If you would like to read the Gene IDs in from a file, all steps are the same besides the initialization of the Gene IDs:
data_file_path = 'data/test_data/ncbi_gene_list.txt'
list_of_gene_ids = pd.read_csv(data_file_path, sep='\t')
current_gene_id_type = 'NCBI Gene ID'
desired_gene_id_type = 'ZFIN ID'
# do conversion
converted_id_table = mapping.convert_ids(list_of_gene_ids, current_gene_id_type, desired_gene_id_type, keep_mapping=True)
converted_id_table
NCBI Gene ID | ZFIN ID | |
---|---|---|
0 | 57924 | ZDB-GENE-000616-10 |
1 | 794572 | ZDB-GENE-050419-85 |
2 | 564772 | ZDB-GENE-080415-1 |
3 | 30459 | ZDB-GENE-991229-12 |
The above methodologies are great if you have list of Gene IDs you would like to convert. There are cases where you might have a large dataset and one column in that dataset has the Gene IDs that you would like to convert. In this scenario, keeping all columns properly sorted is extremely important.
Convert Gene IDs in a Column of a Larger Dataset
Purpose: you have a dataset with columns x, y, z. Column x has Gene IDs in type A. You would like to convert these Gene IDs to type B while maintaining the information of columns y, z.
In this scenario, you might have some data that looks like:
NCBI Gene ID |
PValue |
logFC |
---|---|---|
100002263 |
2.3 |
0.03 |
… |
… |
… |
The information in the log2FC and PValue columns are essential to keep ‘in order’ with the GeneID column. It is often that in this scenario, you will have an entire gene set and will be dealing with a lot more data. Lets look at a test dataset for this case.

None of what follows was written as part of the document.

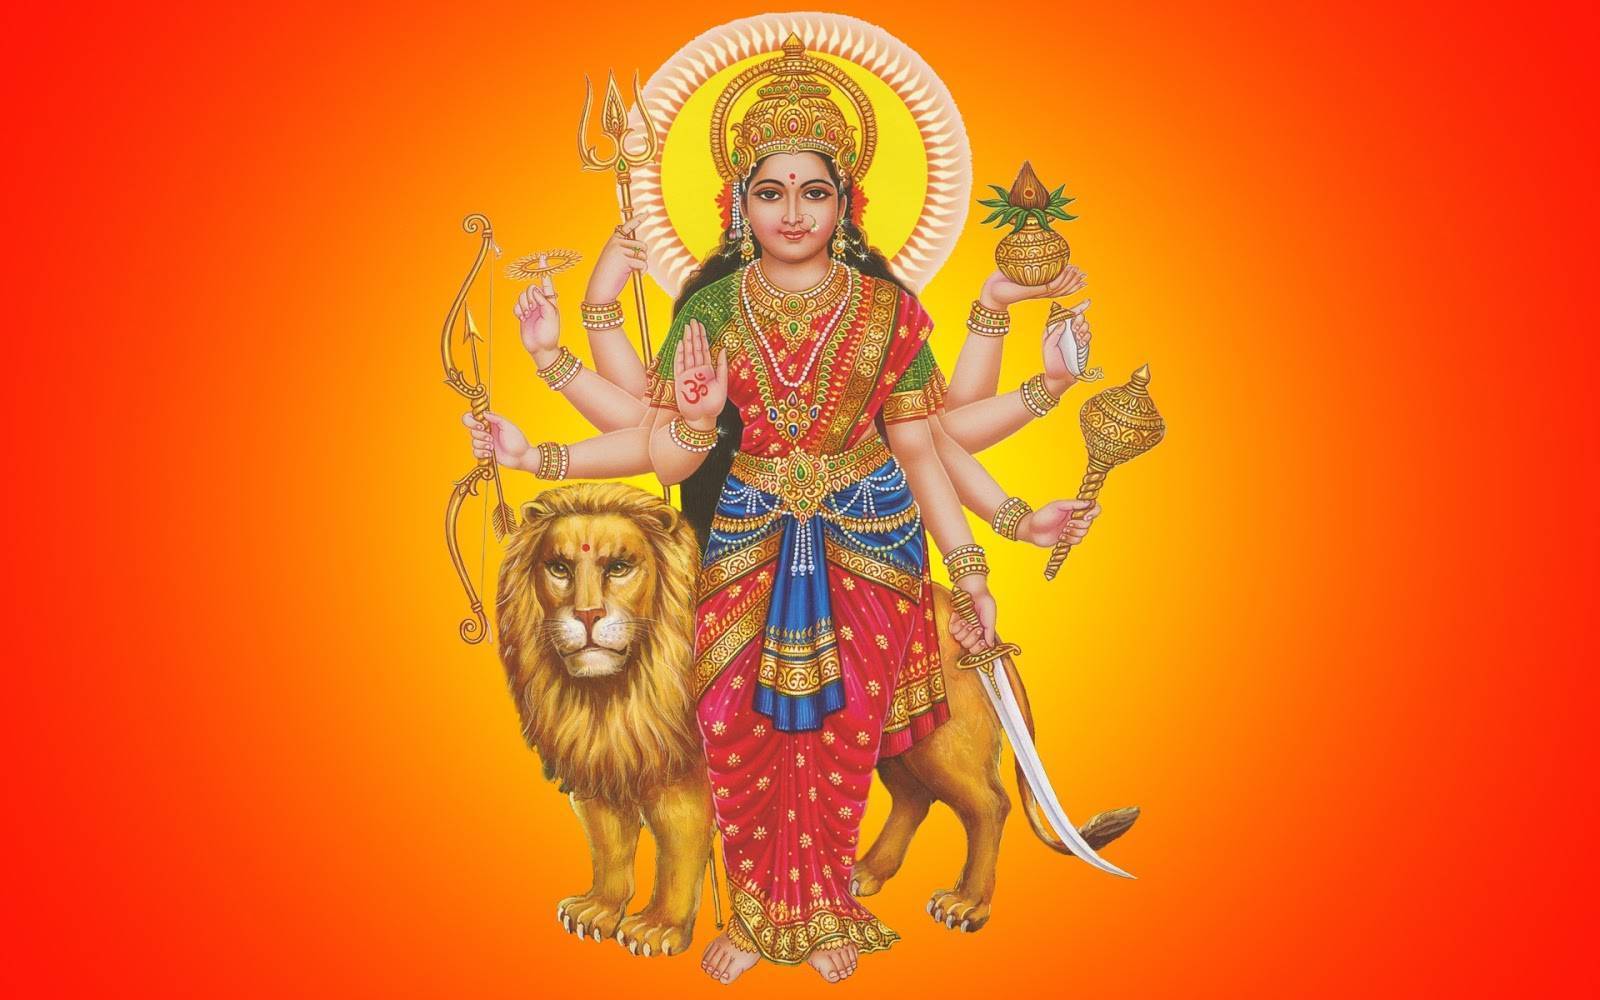 Дурга (богиня) - фото, древнеиндийская мифология, мантры, жертвы, кали, жена шивы - 24сми

Step 1: Read in the data. The data in the test_data
sub-directory is in a tsv
type format with a .txt
extension. The pandas
package can read this without an issue (same with excel
or a csv
file), we just need to specify the separator. \t
is really the best for this type of data. Note that any excel file or csv file should work here.
If you are interested, the raw data can be downloaded from our GitHub here.
data_file_path = 'data/test_data/example_diff_express_data.txt'
data = pd.read_csv(data_file_path, sep='\t')
To get a quick look at the data, we can print the first three table entries and some data stats:
# print first three lines
data.head(3)
rows, cols = data.shape
print(f'There are {rows} rows and {cols} columns')
There are 5464 rows and 3 columns
Step 2: Convert Gene IDs. To execute the mapping and add the column, we will use the add_mapped_column
function from the mapping
module. We will give this function the data read in above, and we need to specify the id_from
and id_to
as before.
id_from = 'NCBI Gene ID'
id_to = 'ZFIN ID'
new_data = mapping.add_mapped_column(data, id_from, id_to)
new_data.head(3)
NCBI Gene ID | ZFIN ID | PValue | logFC | |
---|---|---|---|---|
0 | 100000006 | ZDB-GENE-030131-5654 | 0.792615 | 0.115009 |
1 | 100000044 | ZDB-GENE-121214-60 | 0.015286 | 0.803879 |
2 | 100000085 | ZDB-GENE-030131-1312 | 0.264762 | 0.267360 |
Step 3: Save to file. You can save this dataframe to a file as done previously.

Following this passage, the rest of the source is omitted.